EXERCISE GOAL: What you return should be the complete data below, word for word, with no pictures in it.

INFORMATION SUPPLIED:
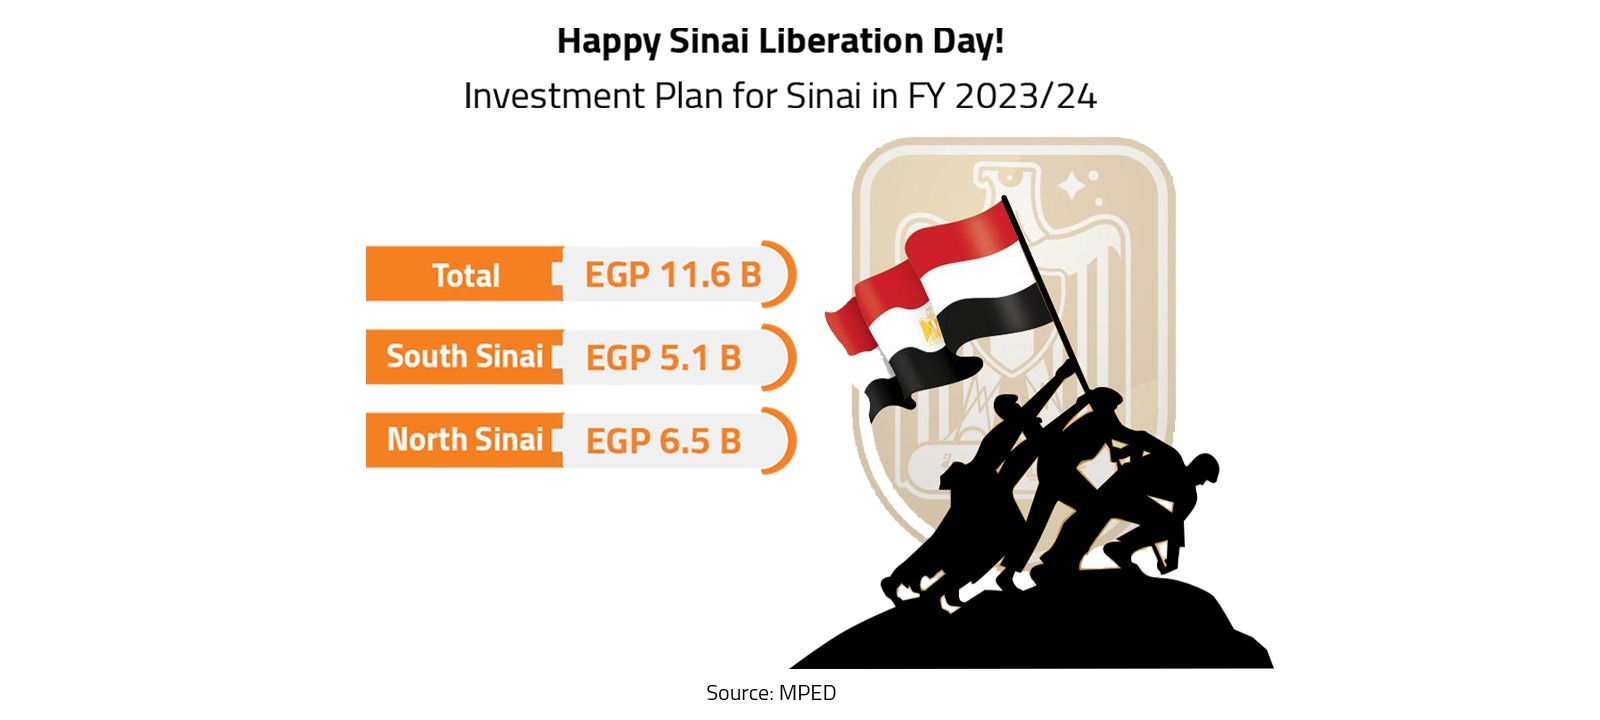 Happy Sinai Liberation Day!
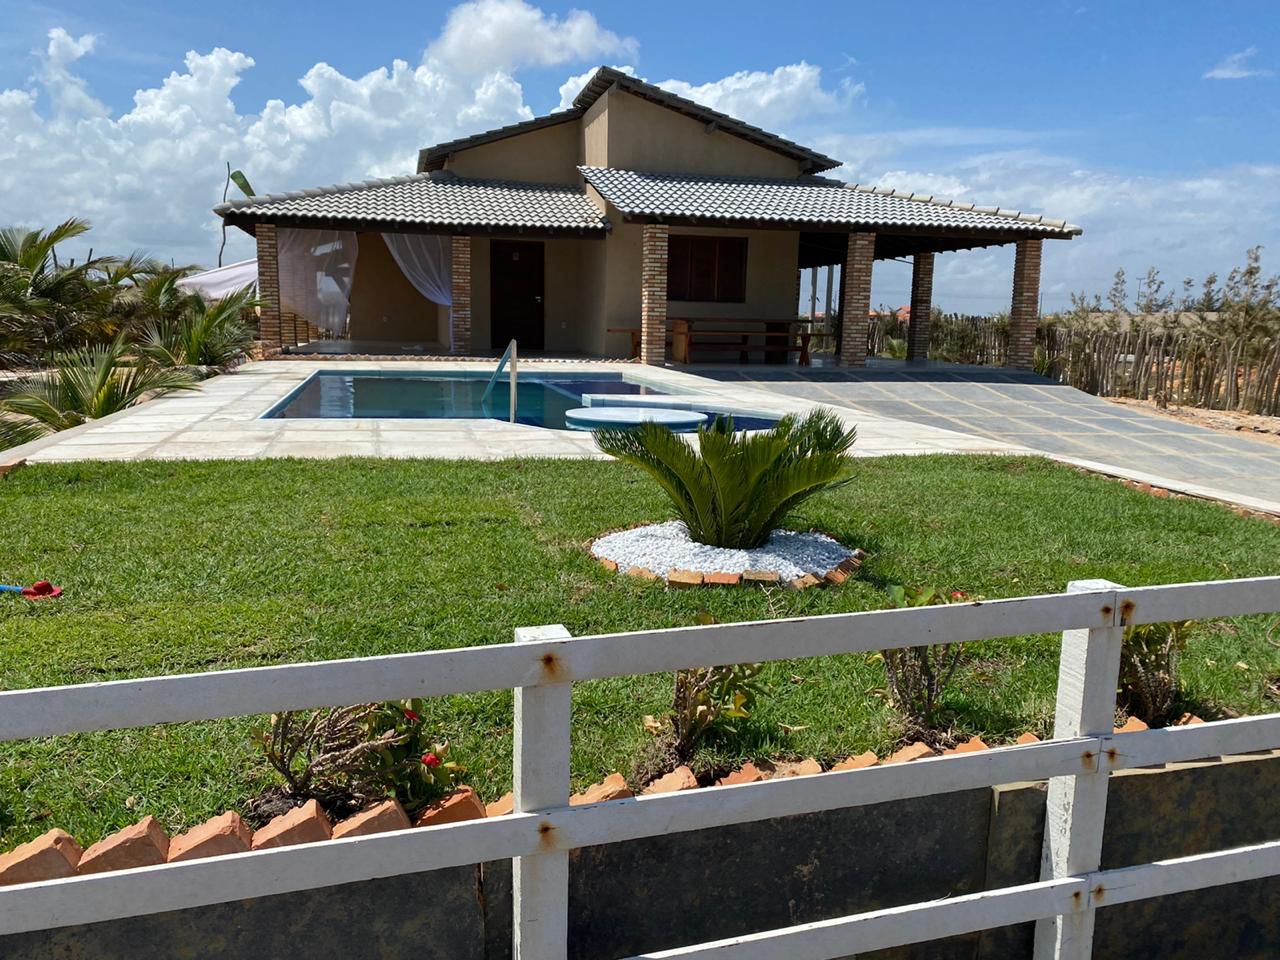 No momento você está vendo Casas de praia para alugar em Luís Correia Piauí
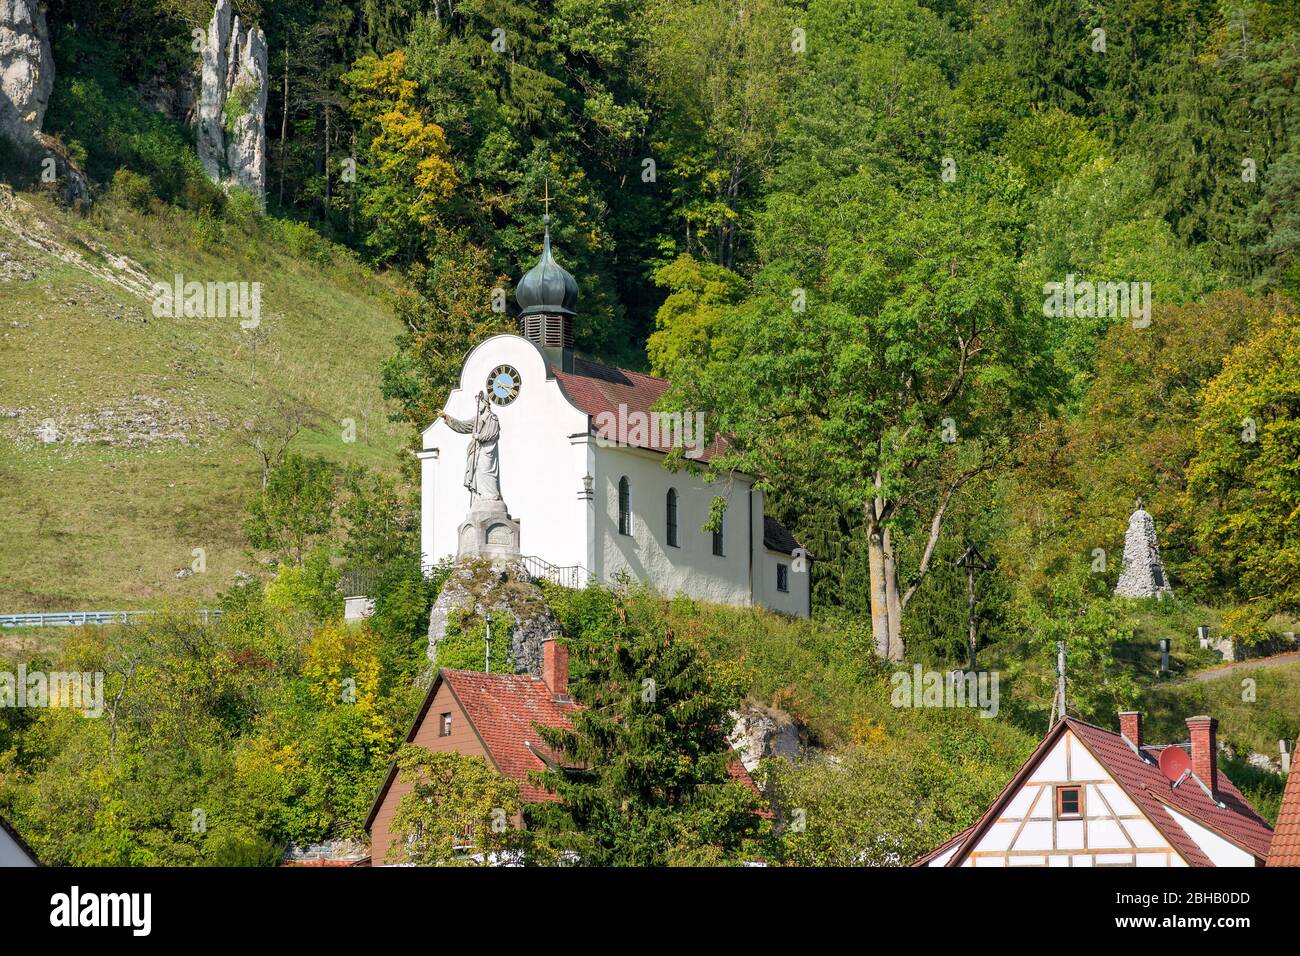 Alemania, Baden-Württemberg, Schelklingen - cabañas, vista desde el fondo del valle a la 1717/19 construida 'Capilla a la dolorosa Madre de Dios' con la estatua del 'buen Pastor' Foto de stock

TASK RESULT:
 Happy Sinai Liberation Day!
 No momento você está vendo Casas de praia para alugar em Luís Correia Piauí
 Alemania, Baden-Württemberg, Schelklingen - cabañas, vista desde el fondo del valle a la 1717/19 construida 'Capilla a la dolorosa Madre de Dios' con la estatua del 'buen Pastor' Foto de stock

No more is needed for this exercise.